WORK TO BE COMPLETED
Omit every picture and return the rest of the data unaltered.
SUPPLIED DATA section start
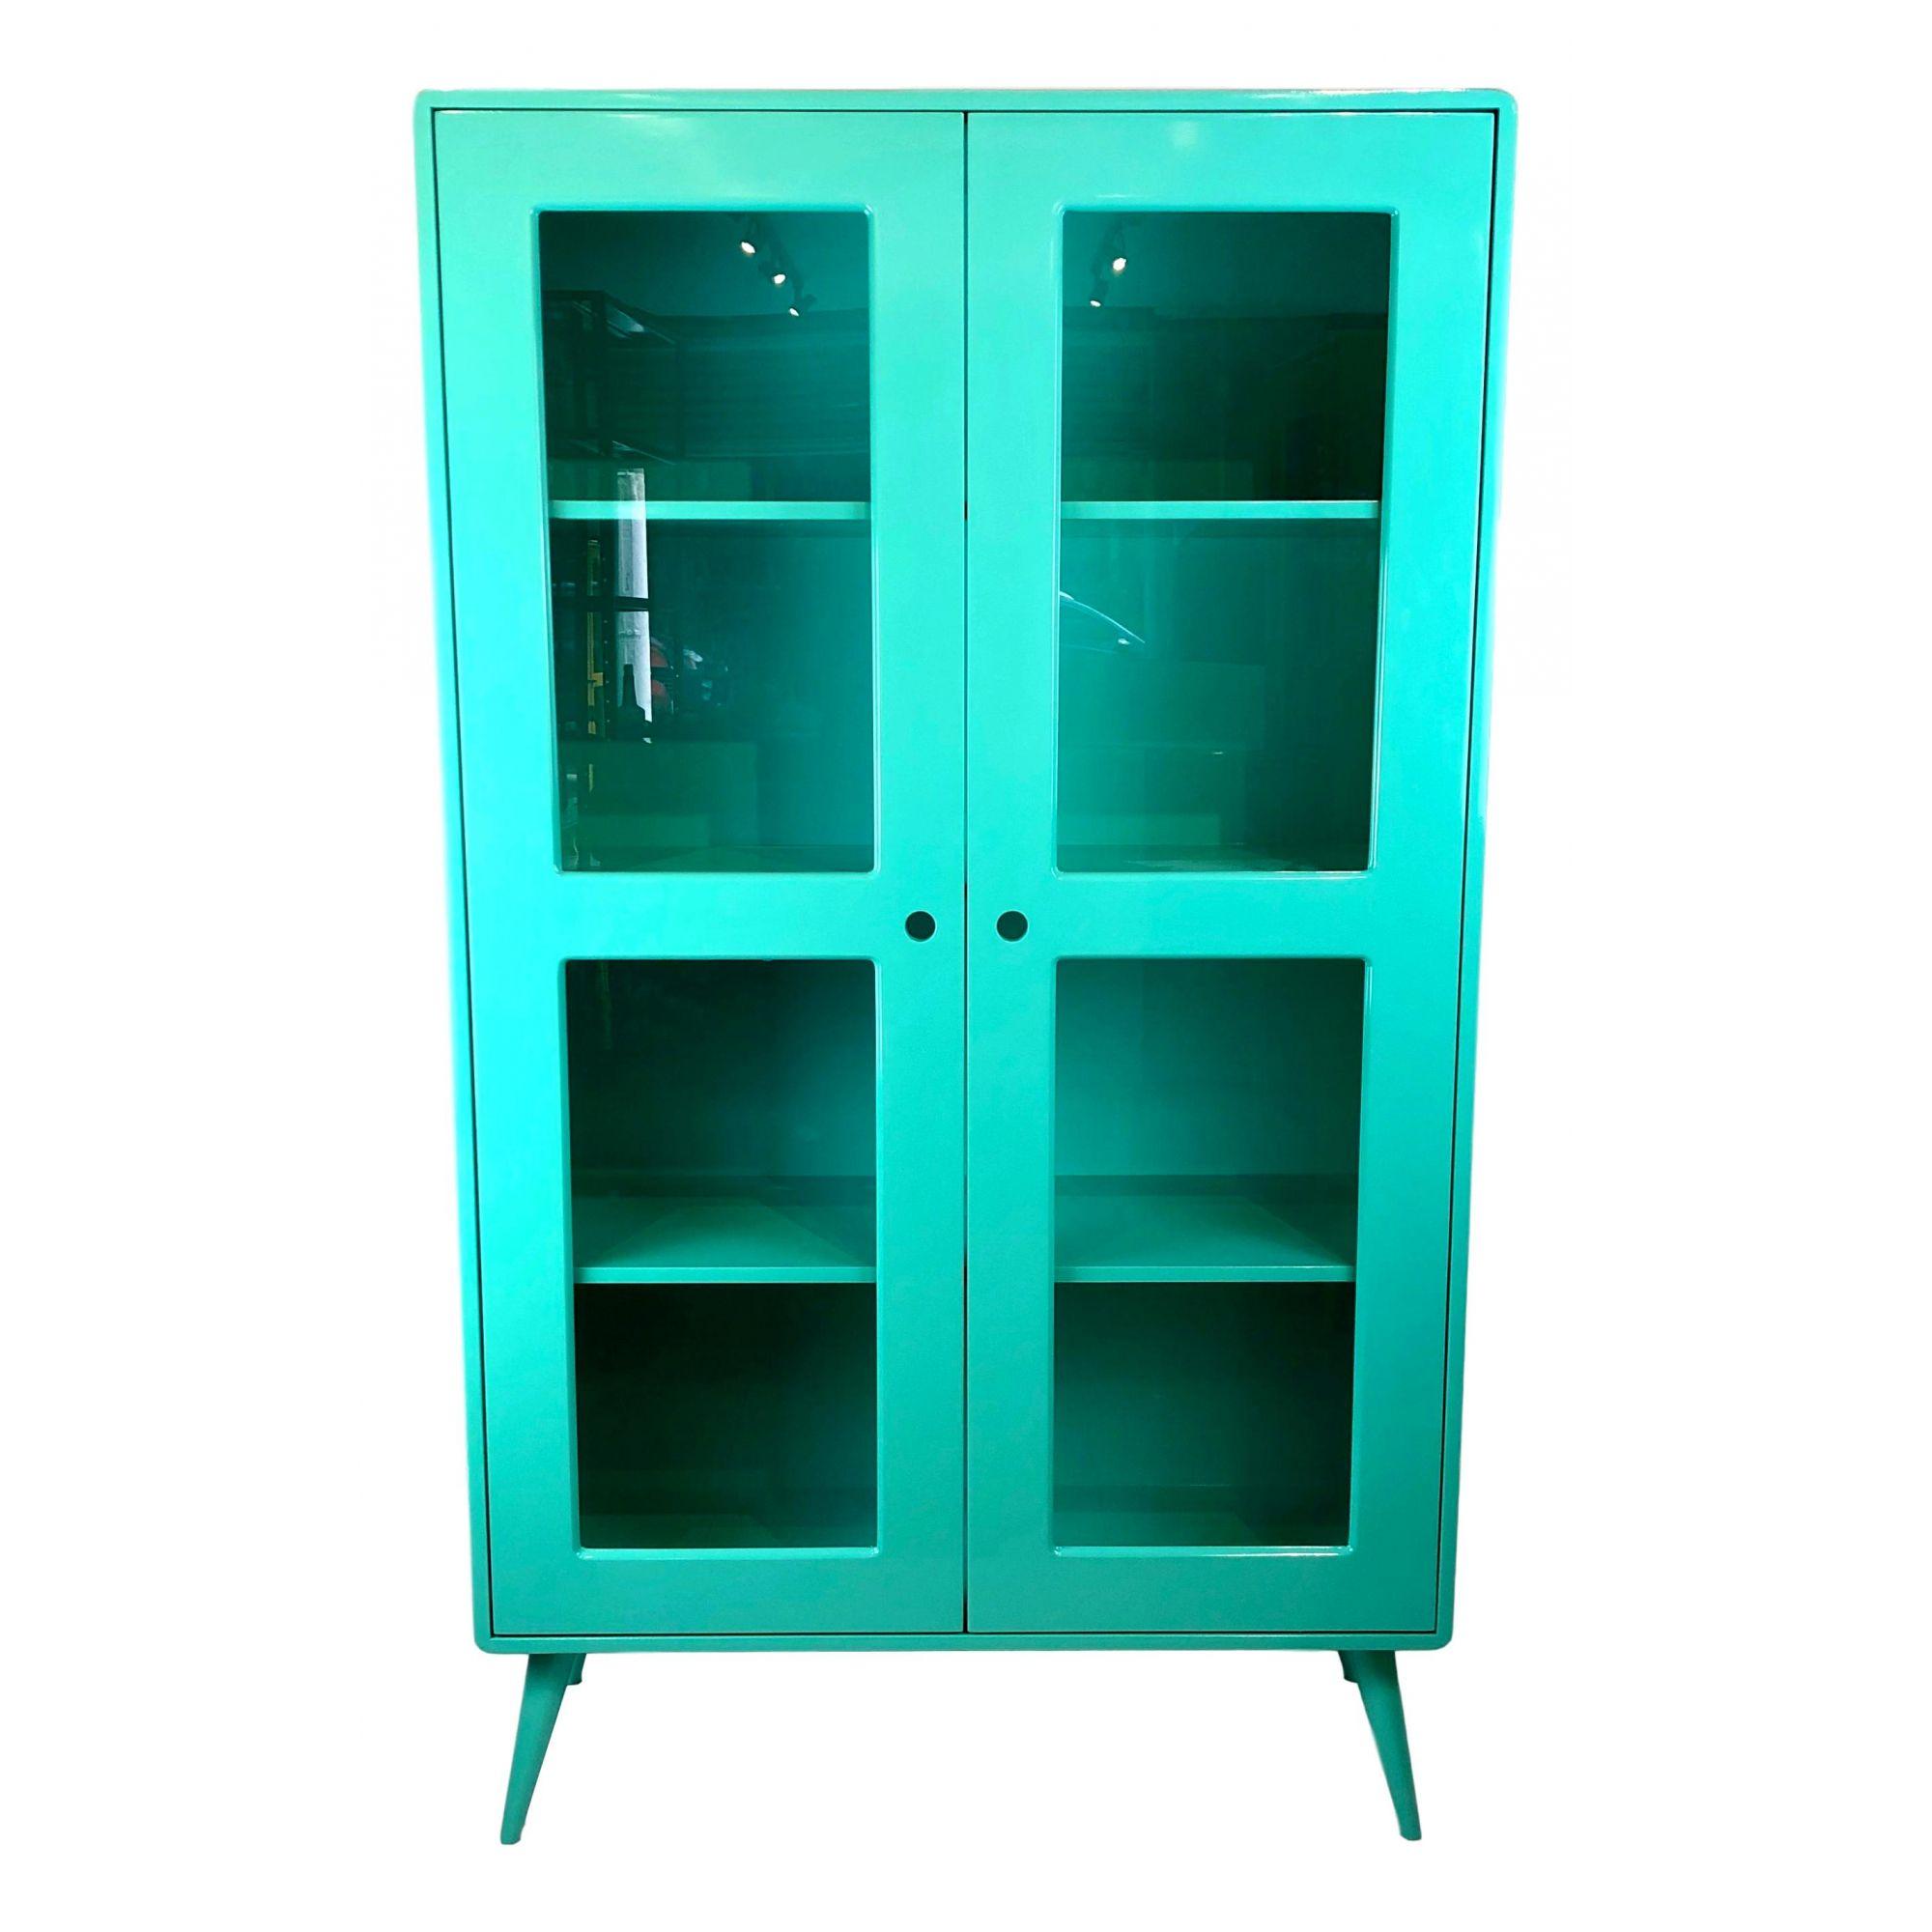 Cristaleira Pé Palito Azul Turquesa 2 portas
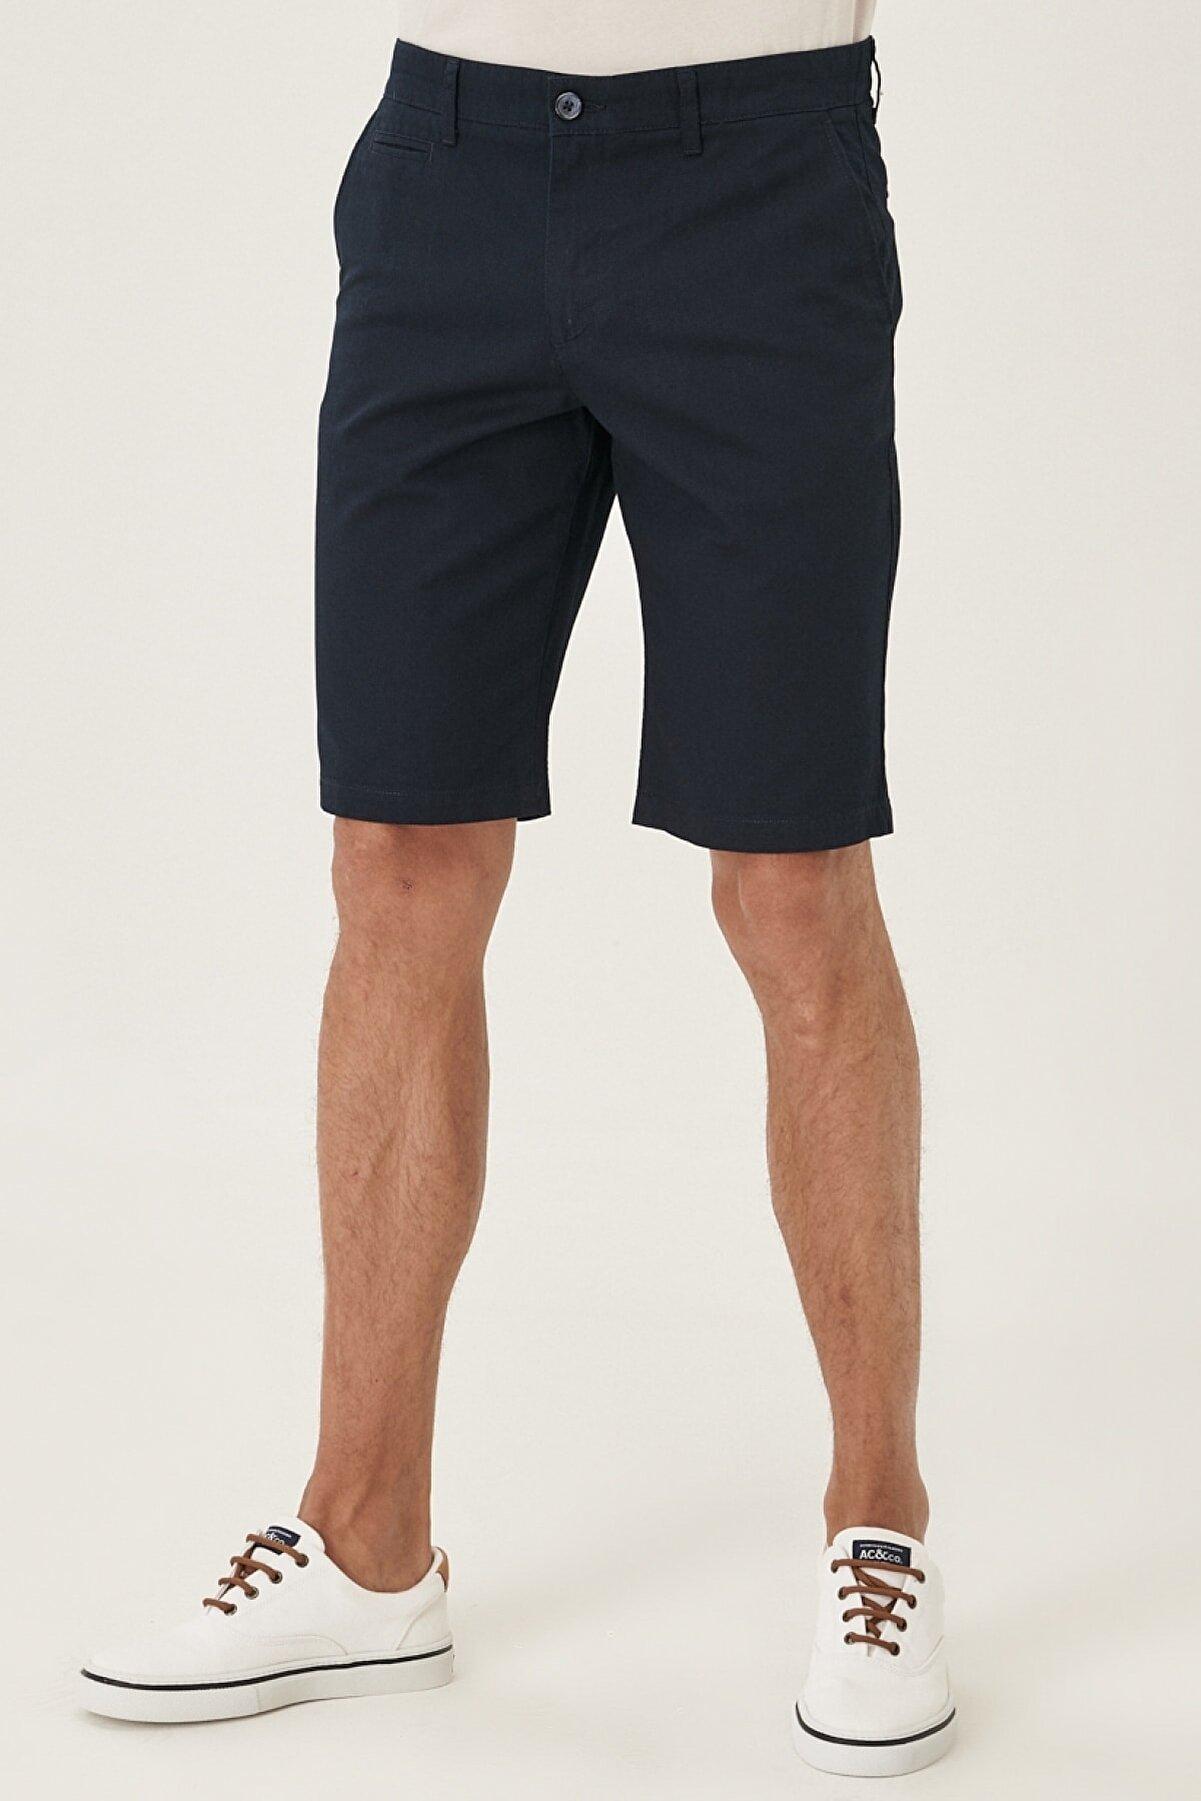 Altınyıldız Classics Erkek Lacivert Slim Fit Casual %100 Koton Chino Bermuda Şort
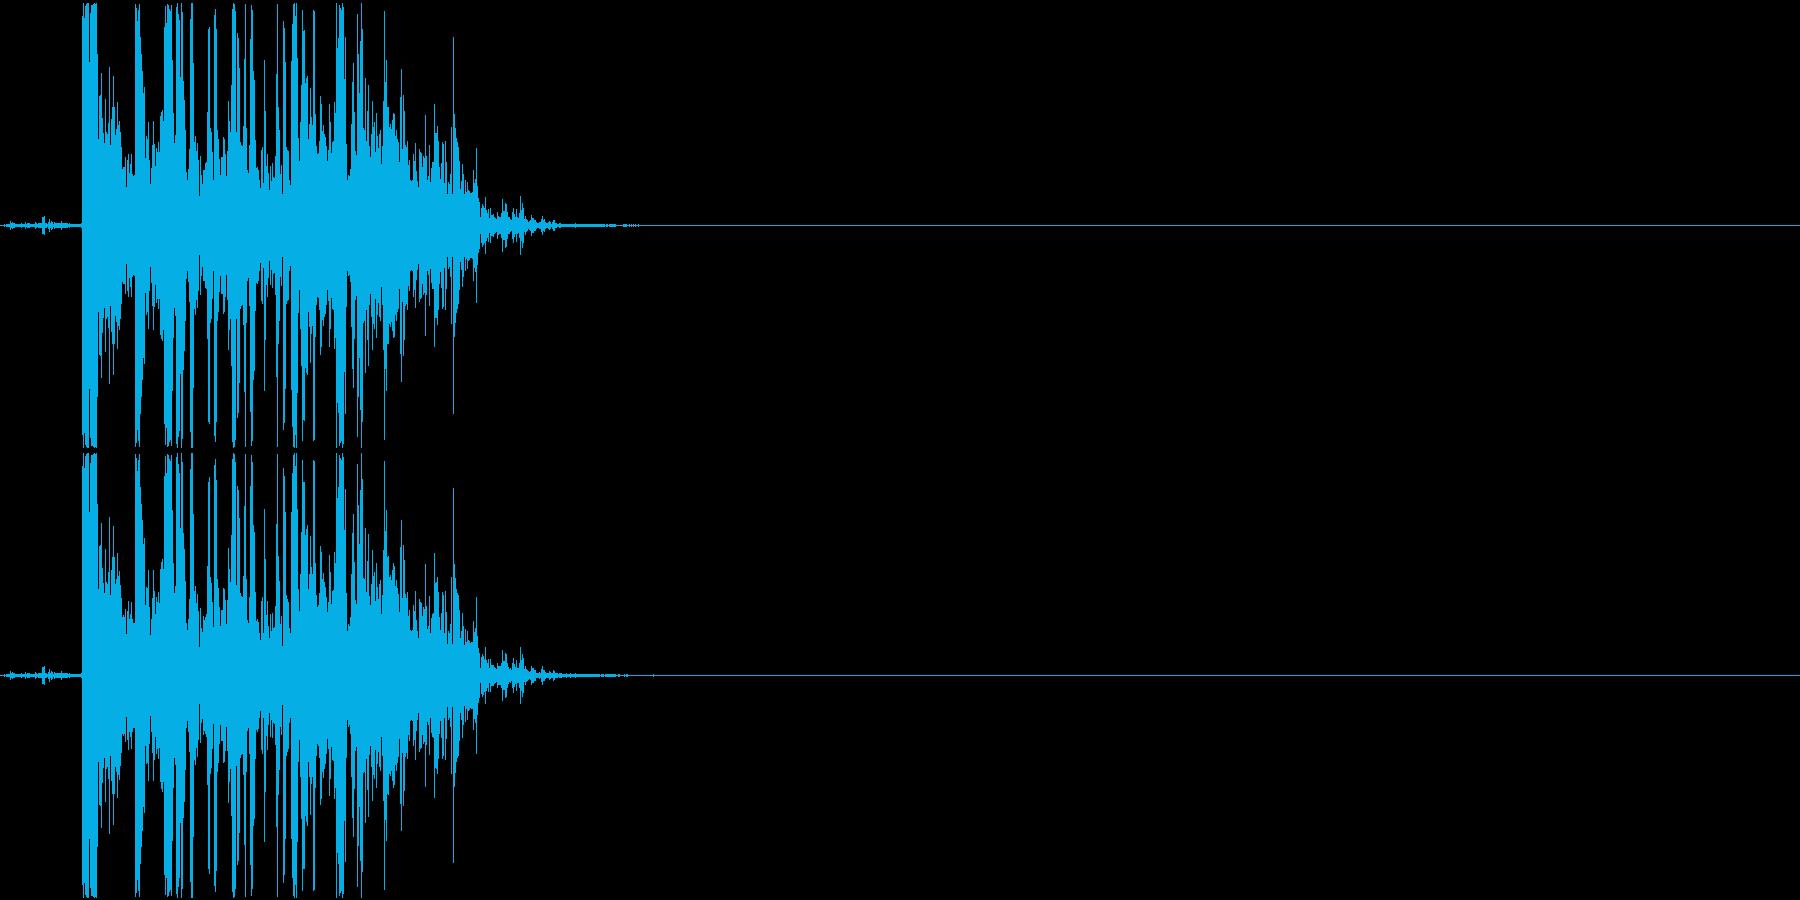 Coin チップをボウルに入れる音 小銭の再生済みの波形
SUPPLIED DATA section end
SOLVED EXERCISE
 Cristaleira Pé Palito Azul Turquesa 2 portas
 Altınyıldız Classics Erkek Lacivert Slim Fit Casual %100 Koton Chino Bermuda Şort
 Coin チップをボウルに入れる音 小銭の再生済みの波形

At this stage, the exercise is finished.